▶ [Task description] Return the listing verbatim, images left out.

BEGIN Given data

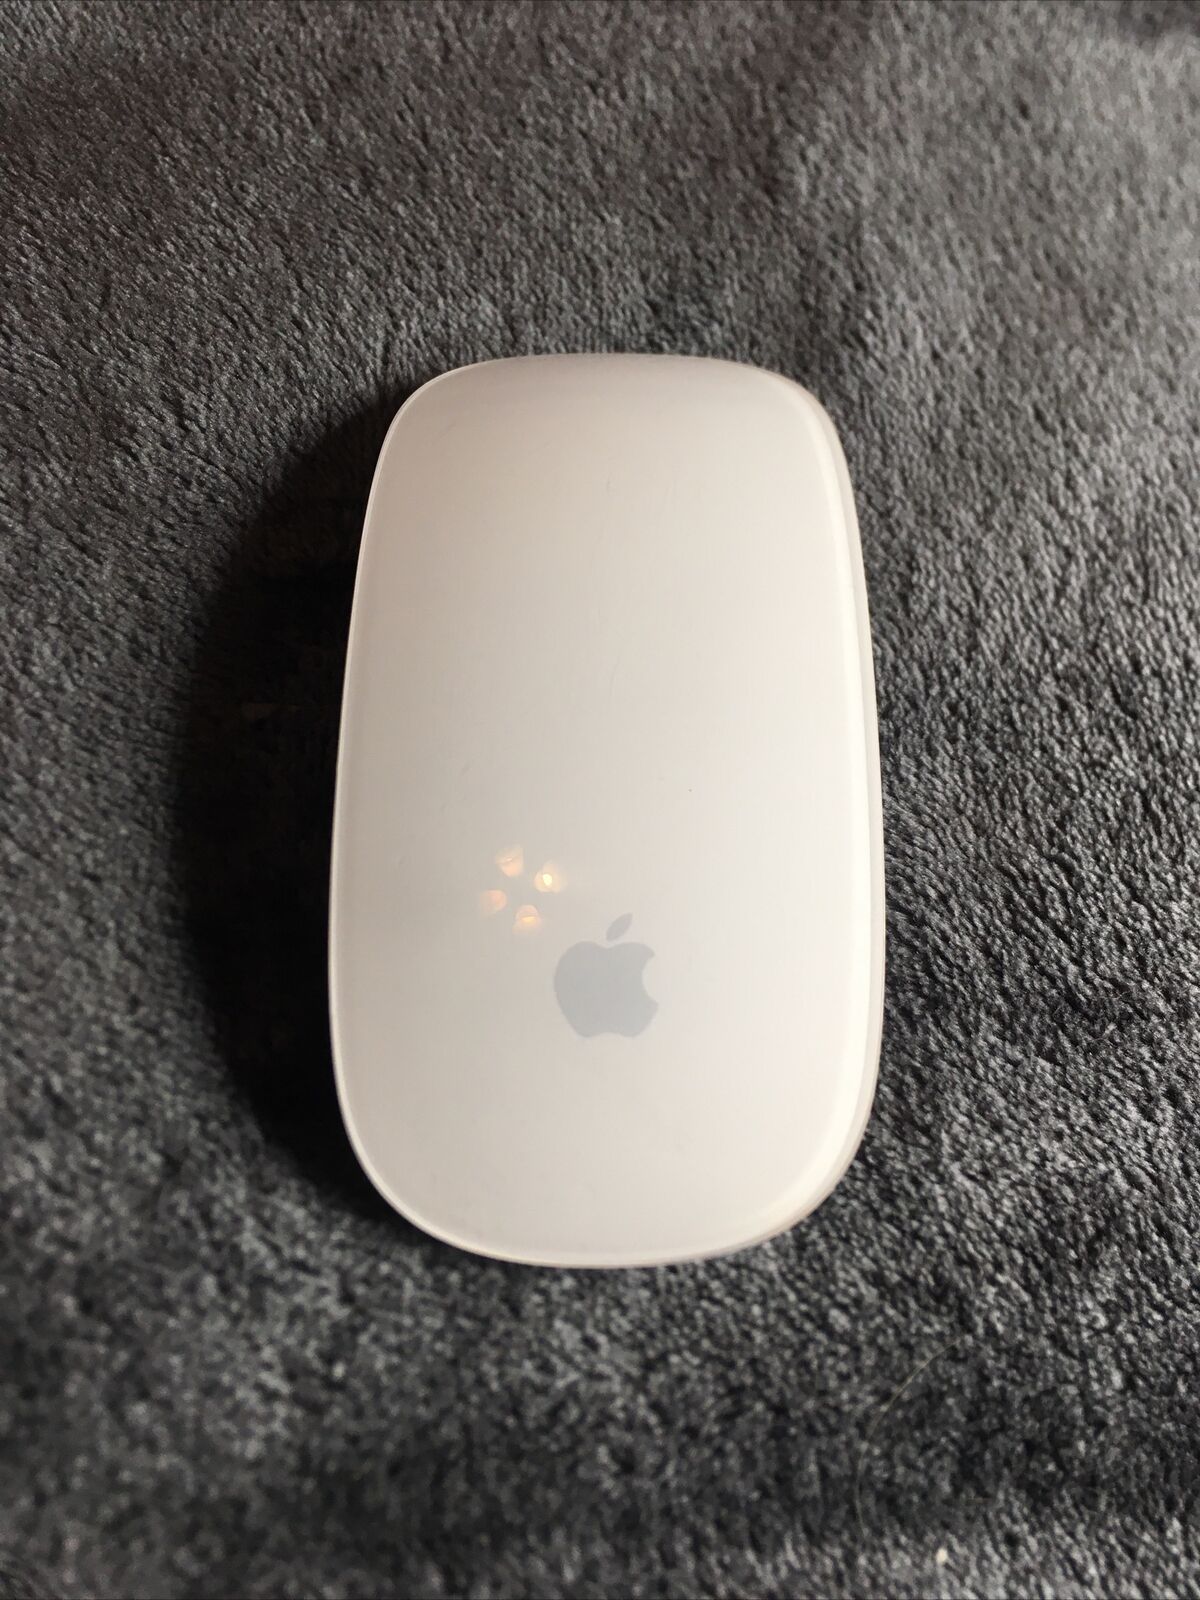 Apple A1296 (MB829LLA) Wireless Magic Mouse OEM - Genuine Missing Battery Cover
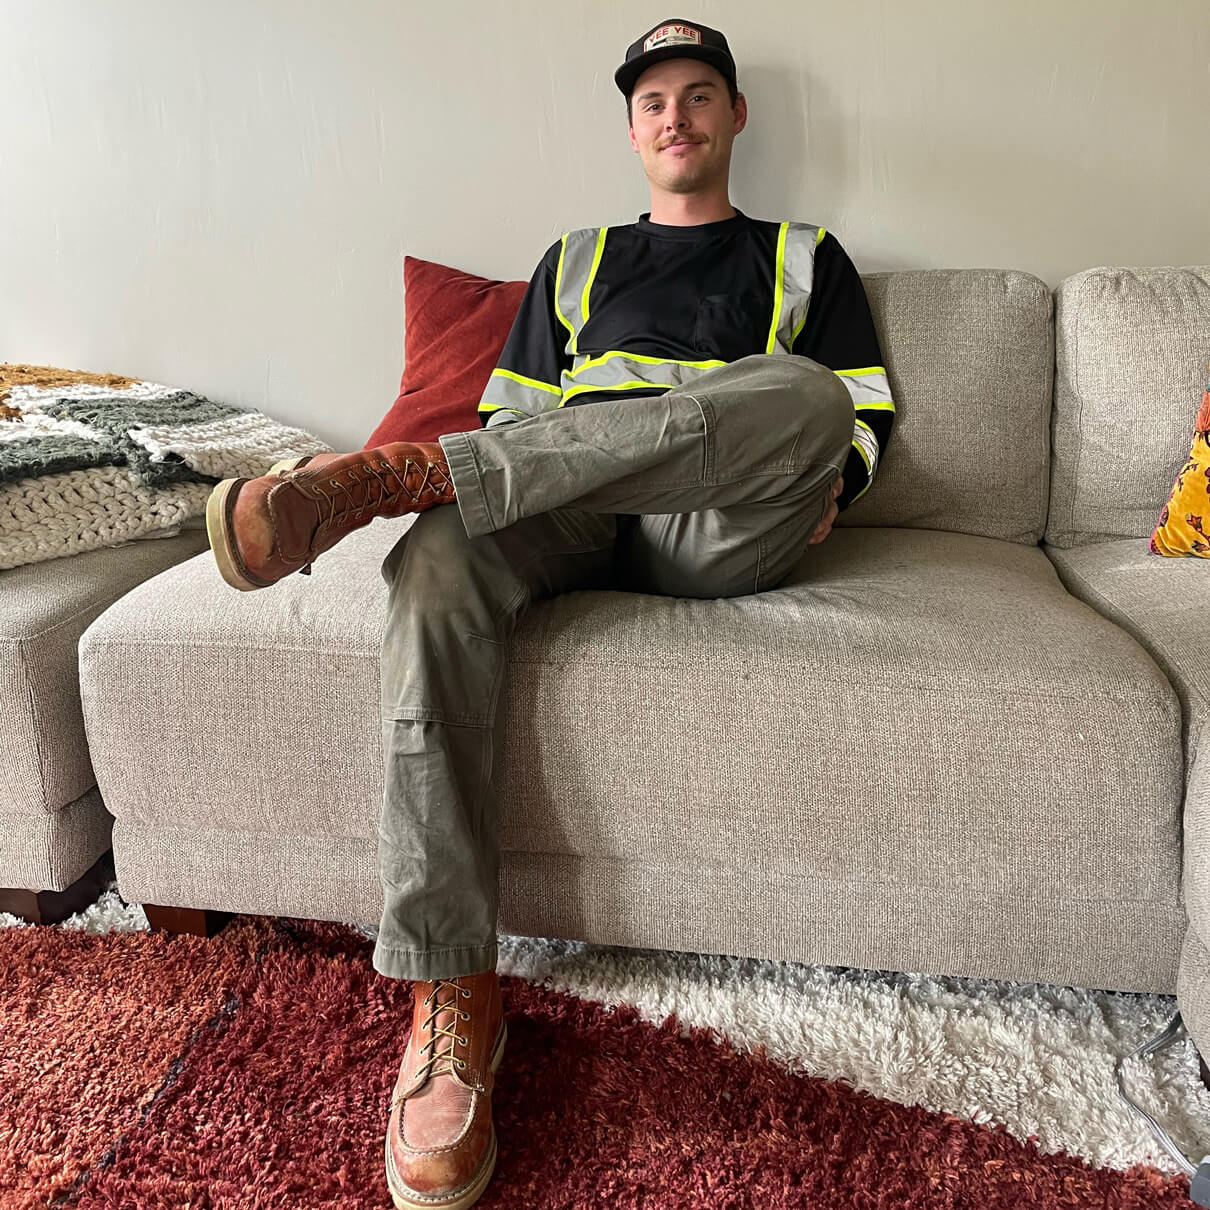 Image of a guy sitting on a couch with a safety shirt on
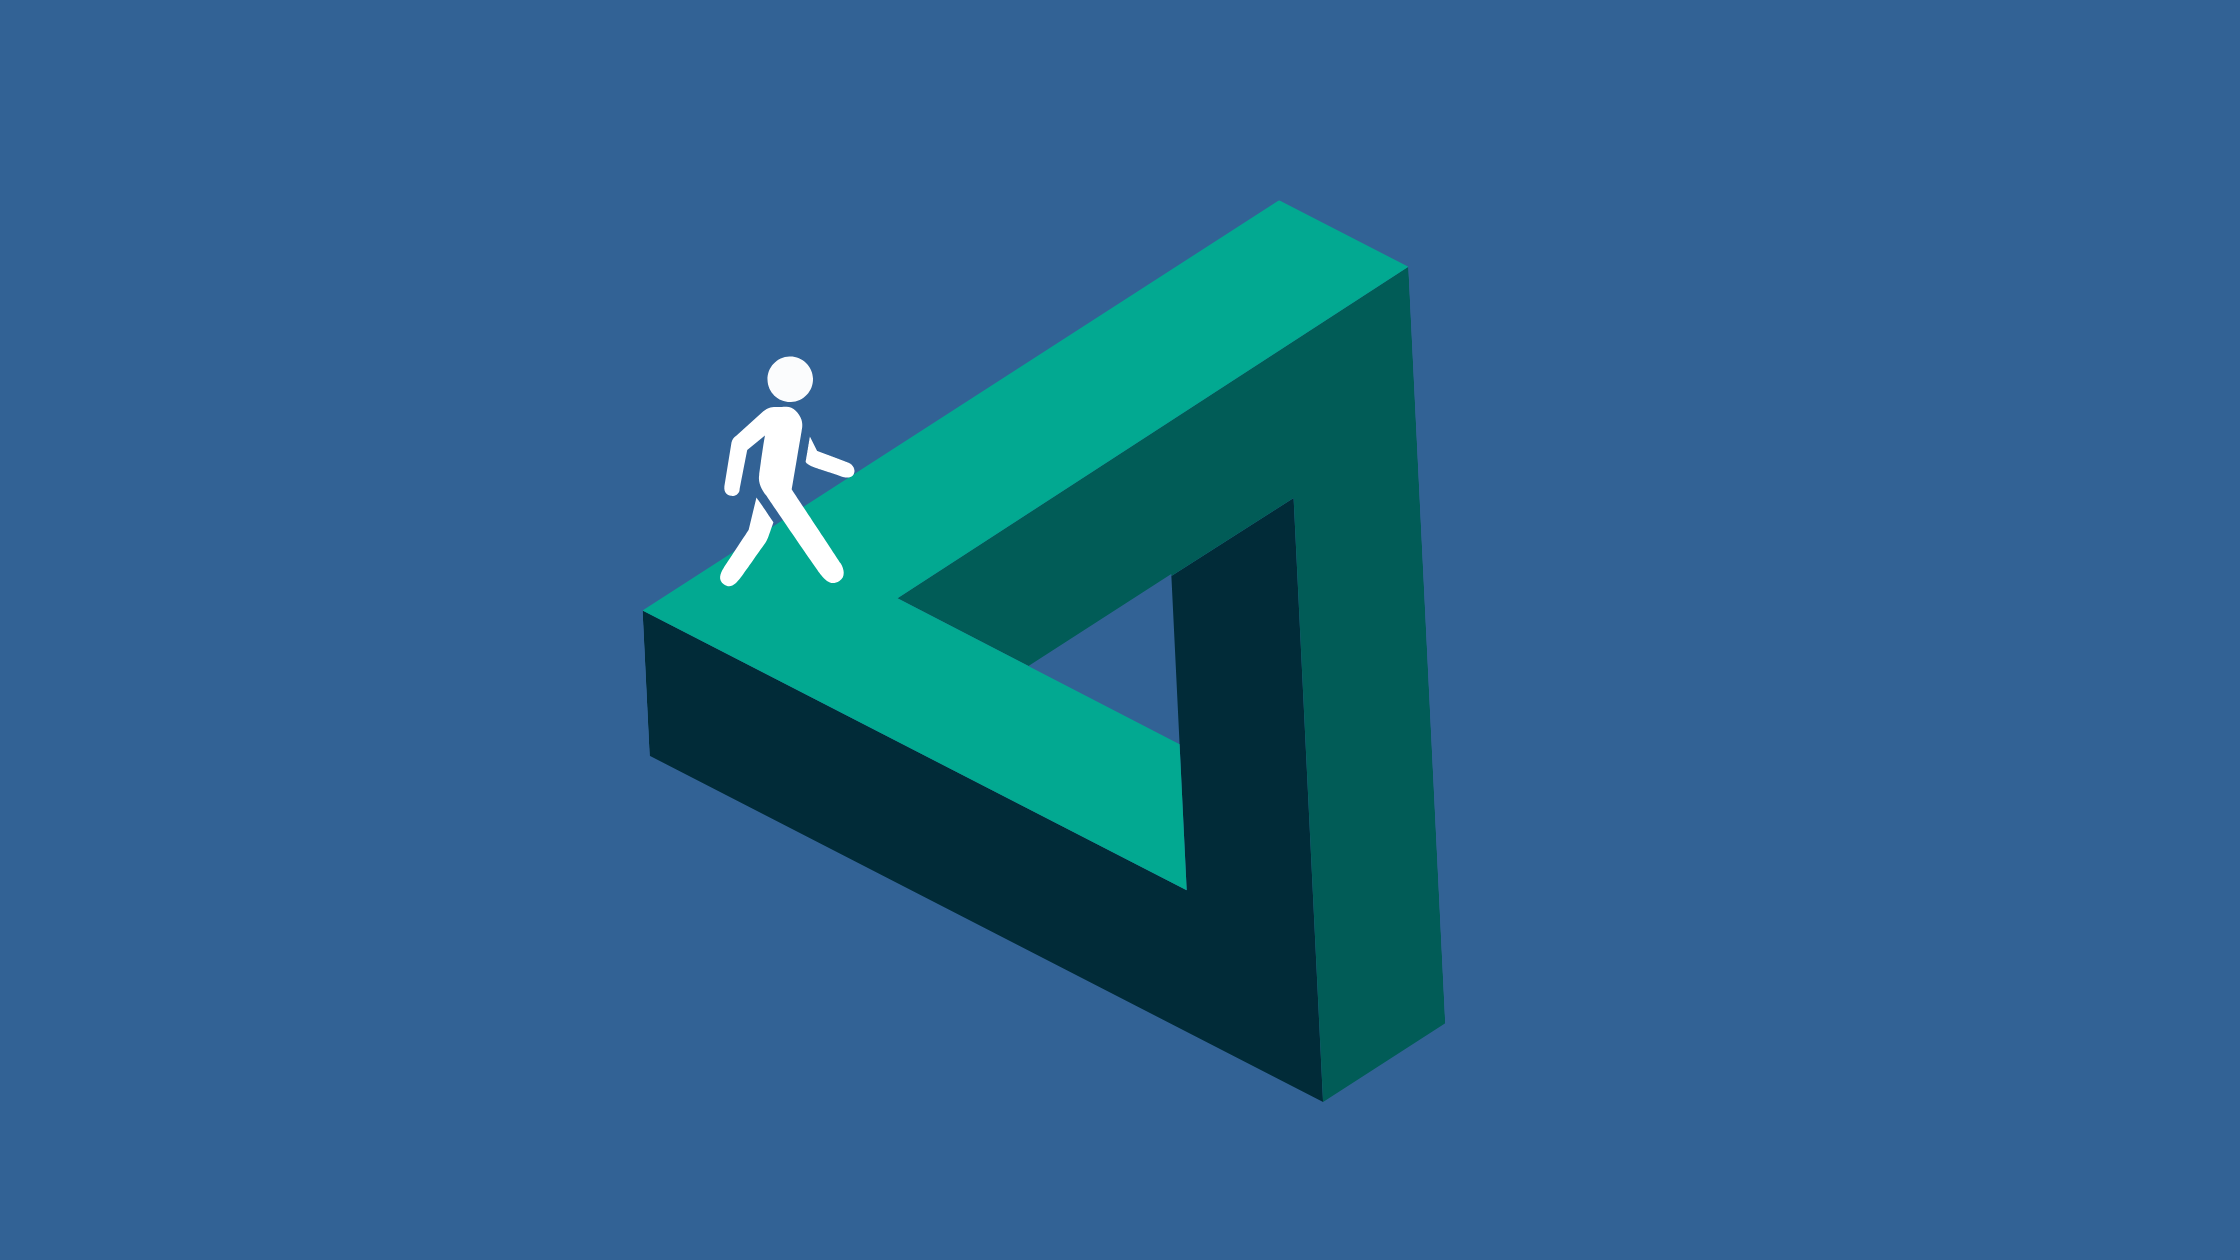 Paradox triangle with a different shade of green on each side with a white icon of a person walking on top. Image is on a blue background.

END Given data

▶ [Response area]
 Apple A1296 (MB829LLA) Wireless Magic Mouse OEM - Genuine Missing Battery Cover
 Image of a guy sitting on a couch with a safety shirt on
 Paradox triangle with a different shade of green on each side with a white icon of a person walking on top. Image is on a blue background.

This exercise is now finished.